Hart Crane has some interesting theoretical remarks on these matters too. here's a sentence I marked:

"it is as though the poem gave the reader as he left it a single, new word, never before spoken and impossible to actually enunciate, but self-evident as an active principle in the reader's consciousness henceforward."

I like this as a formula for the potential (& valuable) tacit, inexplicable, meaning of a poem.

But, as a practical matter, it's true that I don't like stuff I can't understand. Unless something convinces me somehow that the writer knows what he or she is doing. Then, maybe, give it room and let it work, as best it can.

Curtis Gale Weeks 01-17-2002 06:04 PM

T. S. Eliot:
I do not think of enjoyment and understanding as distinct activities--one emotional and the other intellectual...It is certain that we do not fully enjoy a poem unless we understand it; and, on the other hand, it is equally true that we do not fully understand a poem unless we enjoy it.
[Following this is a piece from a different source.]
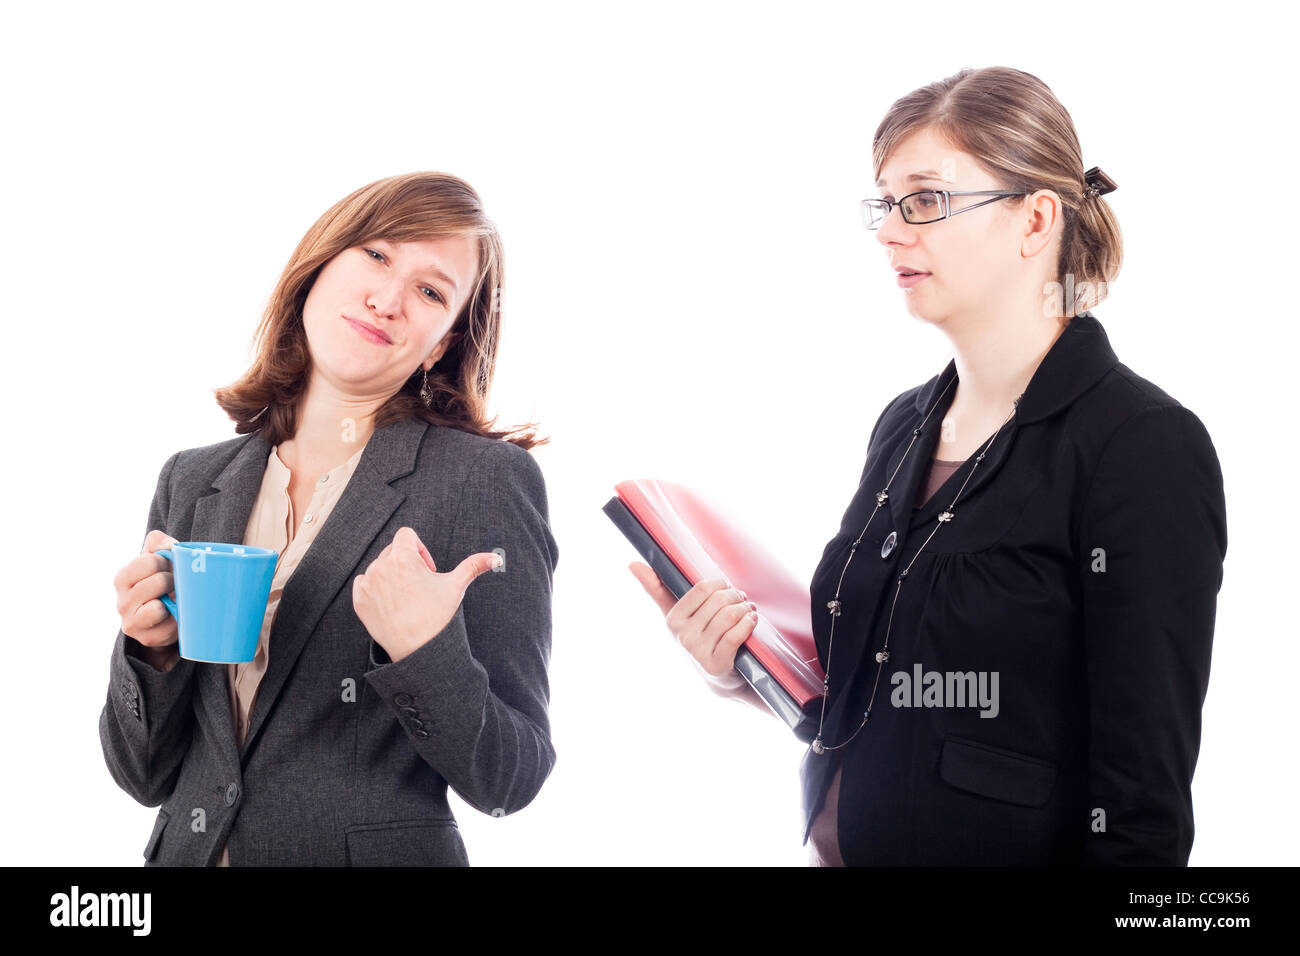 Two business women colleagues rivalry concept, isolated on white background. Stock Photo

ginger 01-17-2002 08:22 PM

I'm not familiar with the thread that prompted this one, so my comments are strictly in response to the question raised here.

When I read a poem, understand could mean a few things:

1) I am able to articulate one or more 'responsible' (my english prof's term) interpretations of the poem as a whole.

2) I can't summarize the whole but a recognize a good deal of truth in many of the pieces.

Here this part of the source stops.